WHO Team Lead for Clinical Care, Janet Diaz disclosed that the evidence underpinning the recommendations came from two clinical trials. The largest was done in the Democratic Republic of Congo in 2018 and 2019.

She maintained that the trials were conducted during Ebola outbreaks, demonstrating quality control trials could be done even under the most difficult circumstances.

“The evidence synthesis that informs this guideline shows that mAb114 and Regeneron-EB3 reduced mortality. The relative risk reduction was about 60 per cent…Between 230 to 400 lives are saved per 1,000 patients. Translate that into the number needed to treat, you treat two to four patients, and you save one life.”

It would be recalled that Ebola hemorrhagic fever is spread through the blood or body fluids of a person who was affected or died of the disease. The worst Ebola outbreak occurred in West Africa between 2014 and 2016. Of the nearly 29,000 reported cases, more than 11,300 people died.

Diaz said the development of monoclonal antibody therapeutics was a very important advancement.

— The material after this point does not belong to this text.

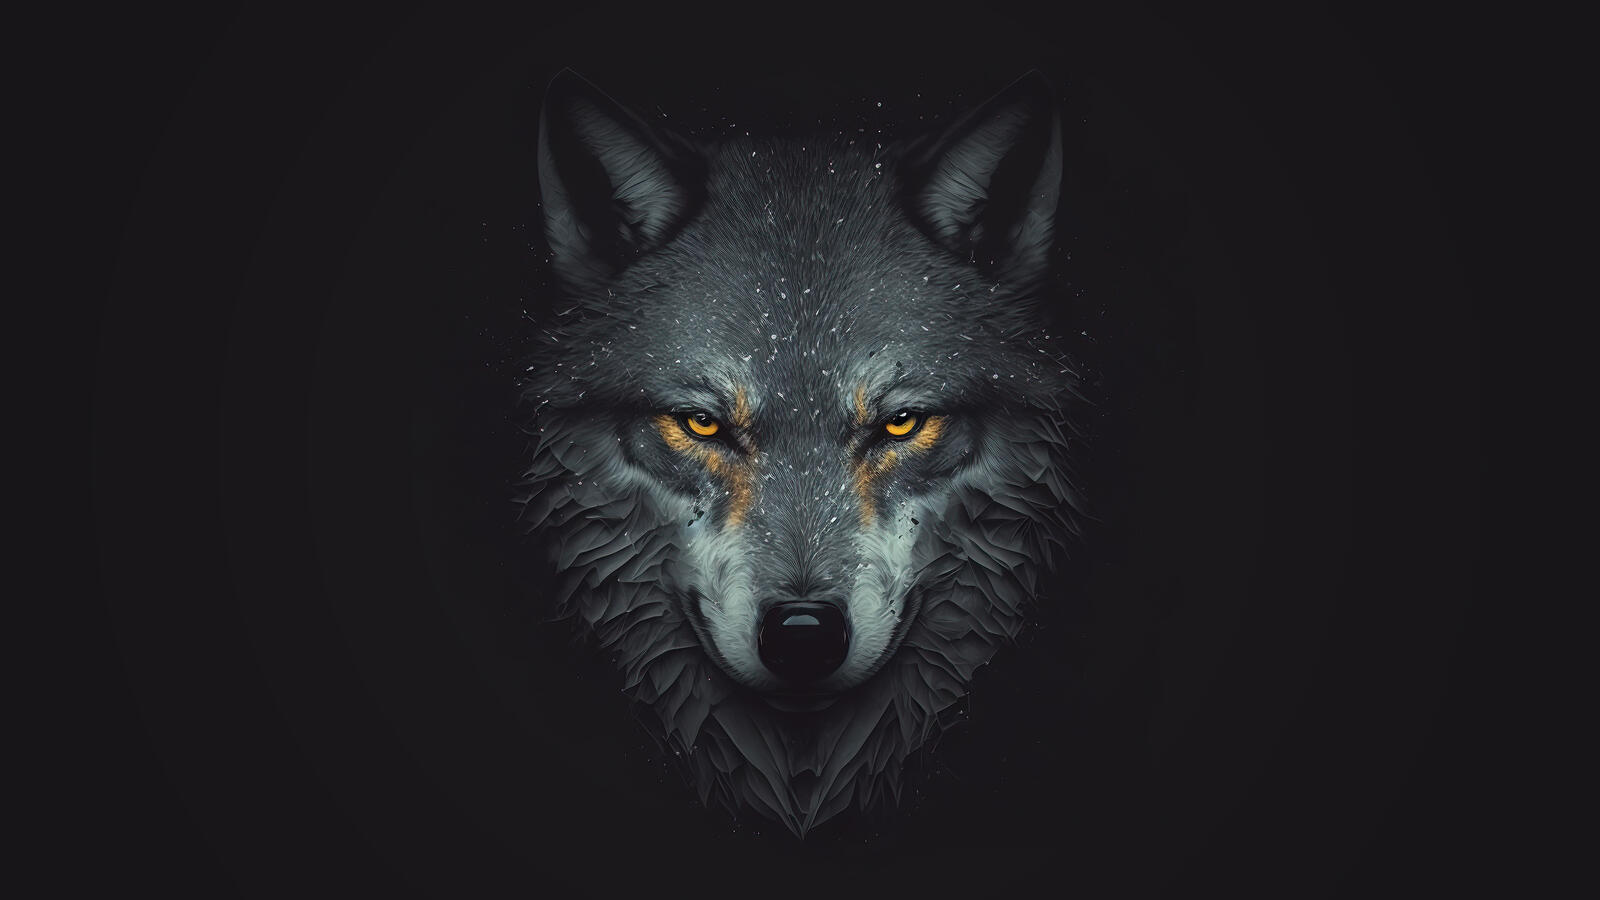 Бесплатное фото Рисунок серого волка на темном фоне

However, she noted the drug itself was not the only solution but must be given in a comprehensive, clinical setting along with other treatments.

“That includes early diagnosis so that treatments can be given as soon as possible and also the implementation of appropriate infection prevention and control to stop transmission…and treatment of co-infections and access to nutrition, psycho-social support, and, of course, access to care after discharge.”

She said the two recommended therapeutics have shown clear benefits for people of all ages and, could be used on all patients confirmed positive for Ebola virus disease which included old people, pregnant and breastfeeding women, children, and babies born to mothers with confirmed Ebola within the first seven days after birth.